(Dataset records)

++++++++++++++++++++

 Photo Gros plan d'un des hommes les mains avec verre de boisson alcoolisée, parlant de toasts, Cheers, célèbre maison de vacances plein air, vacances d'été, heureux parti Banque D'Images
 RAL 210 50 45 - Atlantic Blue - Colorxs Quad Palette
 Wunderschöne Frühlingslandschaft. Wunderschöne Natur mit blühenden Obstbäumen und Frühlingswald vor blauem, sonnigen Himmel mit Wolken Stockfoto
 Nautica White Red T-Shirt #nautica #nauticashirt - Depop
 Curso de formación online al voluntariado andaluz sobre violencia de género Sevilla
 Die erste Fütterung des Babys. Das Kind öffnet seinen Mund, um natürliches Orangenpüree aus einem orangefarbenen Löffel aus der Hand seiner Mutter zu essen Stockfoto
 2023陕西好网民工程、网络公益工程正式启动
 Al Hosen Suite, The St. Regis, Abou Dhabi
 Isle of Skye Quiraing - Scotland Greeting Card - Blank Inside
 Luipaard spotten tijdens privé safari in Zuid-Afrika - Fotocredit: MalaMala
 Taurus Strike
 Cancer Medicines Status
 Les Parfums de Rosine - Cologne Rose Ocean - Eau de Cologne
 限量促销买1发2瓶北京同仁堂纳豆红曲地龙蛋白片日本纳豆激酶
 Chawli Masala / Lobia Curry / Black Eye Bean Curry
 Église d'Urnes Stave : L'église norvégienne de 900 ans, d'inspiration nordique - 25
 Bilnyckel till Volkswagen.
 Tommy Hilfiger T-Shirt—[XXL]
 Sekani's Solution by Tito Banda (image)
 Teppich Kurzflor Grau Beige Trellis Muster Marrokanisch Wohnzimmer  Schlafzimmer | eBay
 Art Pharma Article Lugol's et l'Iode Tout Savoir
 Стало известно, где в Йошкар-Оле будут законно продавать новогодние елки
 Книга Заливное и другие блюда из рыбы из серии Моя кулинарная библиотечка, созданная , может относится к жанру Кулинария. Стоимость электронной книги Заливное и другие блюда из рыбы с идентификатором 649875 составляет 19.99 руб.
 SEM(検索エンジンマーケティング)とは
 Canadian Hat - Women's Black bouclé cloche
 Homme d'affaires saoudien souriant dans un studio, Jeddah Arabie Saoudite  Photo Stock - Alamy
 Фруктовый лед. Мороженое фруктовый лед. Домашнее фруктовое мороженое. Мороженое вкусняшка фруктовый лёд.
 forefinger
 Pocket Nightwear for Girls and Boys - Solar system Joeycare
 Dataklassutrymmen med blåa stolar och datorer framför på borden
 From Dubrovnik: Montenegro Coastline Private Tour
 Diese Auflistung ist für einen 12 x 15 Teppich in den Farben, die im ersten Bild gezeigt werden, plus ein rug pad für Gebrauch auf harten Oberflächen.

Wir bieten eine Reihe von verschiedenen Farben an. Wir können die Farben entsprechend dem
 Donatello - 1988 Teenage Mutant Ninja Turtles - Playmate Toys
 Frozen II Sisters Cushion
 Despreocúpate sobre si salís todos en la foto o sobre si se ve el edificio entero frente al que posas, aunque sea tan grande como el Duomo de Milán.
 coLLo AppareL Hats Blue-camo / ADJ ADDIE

++++++++++++++++++++

### About this exercise
All of the entries above, written out exactly, make up the reply.

### The completed task
 Photo Gros plan d'un des hommes les mains avec verre de boisson alcoolisée, parlant de toasts, Cheers, célèbre maison de vacances plein air, vacances d'été, heureux parti Banque D'Images
 RAL 210 50 45 - Atlantic Blue - Colorxs Quad Palette
 Wunderschöne Frühlingslandschaft. Wunderschöne Natur mit blühenden Obstbäumen und Frühlingswald vor blauem, sonnigen Himmel mit Wolken Stockfoto
 Nautica White Red T-Shirt #nautica #nauticashirt - Depop
 Curso de formación online al voluntariado andaluz sobre violencia de género Sevilla
 Die erste Fütterung des Babys. Das Kind öffnet seinen Mund, um natürliches Orangenpüree aus einem orangefarbenen Löffel aus der Hand seiner Mutter zu essen Stockfoto
 2023陕西好网民工程、网络公益工程正式启动
 Al Hosen Suite, The St. Regis, Abou Dhabi
 Isle of Skye Quiraing - Scotland Greeting Card - Blank Inside
 Luipaard spotten tijdens privé safari in Zuid-Afrika - Fotocredit: MalaMala
 Taurus Strike
 Cancer Medicines Status
 Les Parfums de Rosine - Cologne Rose Ocean - Eau de Cologne
 限量促销买1发2瓶北京同仁堂纳豆红曲地龙蛋白片日本纳豆激酶
 Chawli Masala / Lobia Curry / Black Eye Bean Curry
 Église d'Urnes Stave : L'église norvégienne de 900 ans, d'inspiration nordique - 25
 Bilnyckel till Volkswagen.
 Tommy Hilfiger T-Shirt—[XXL]
 Sekani's Solution by Tito Banda (image)
 Teppich Kurzflor Grau Beige Trellis Muster Marrokanisch Wohnzimmer  Schlafzimmer | eBay
 Art Pharma Article Lugol's et l'Iode Tout Savoir
 Стало известно, где в Йошкар-Оле будут законно продавать новогодние елки
 Книга Заливное и другие блюда из рыбы из серии Моя кулинарная библиотечка, созданная , может относится к жанру Кулинария. Стоимость электронной книги Заливное и другие блюда из рыбы с идентификатором 649875 составляет 19.99 руб.
 SEM(検索エンジンマーケティング)とは
 Canadian Hat - Women's Black bouclé cloche
 Homme d'affaires saoudien souriant dans un studio, Jeddah Arabie Saoudite  Photo Stock - Alamy
 Фруктовый лед. Мороженое фруктовый лед. Домашнее фруктовое мороженое. Мороженое вкусняшка фруктовый лёд.
 forefinger
 Pocket Nightwear for Girls and Boys - Solar system Joeycare
 Dataklassutrymmen med blåa stolar och datorer framför på borden
 From Dubrovnik: Montenegro Coastline Private Tour
 Diese Auflistung ist für einen 12 x 15 Teppich in den Farben, die im ersten Bild gezeigt werden, plus ein rug pad für Gebrauch auf harten Oberflächen.

Wir bieten eine Reihe von verschiedenen Farben an. Wir können die Farben entsprechend dem
 Donatello - 1988 Teenage Mutant Ninja Turtles - Playmate Toys
 Frozen II Sisters Cushion
 Despreocúpate sobre si salís todos en la foto o sobre si se ve el edificio entero frente al que posas, aunque sea tan grande como el Duomo de Milán.
 coLLo AppareL Hats Blue-camo / ADJ ADDIE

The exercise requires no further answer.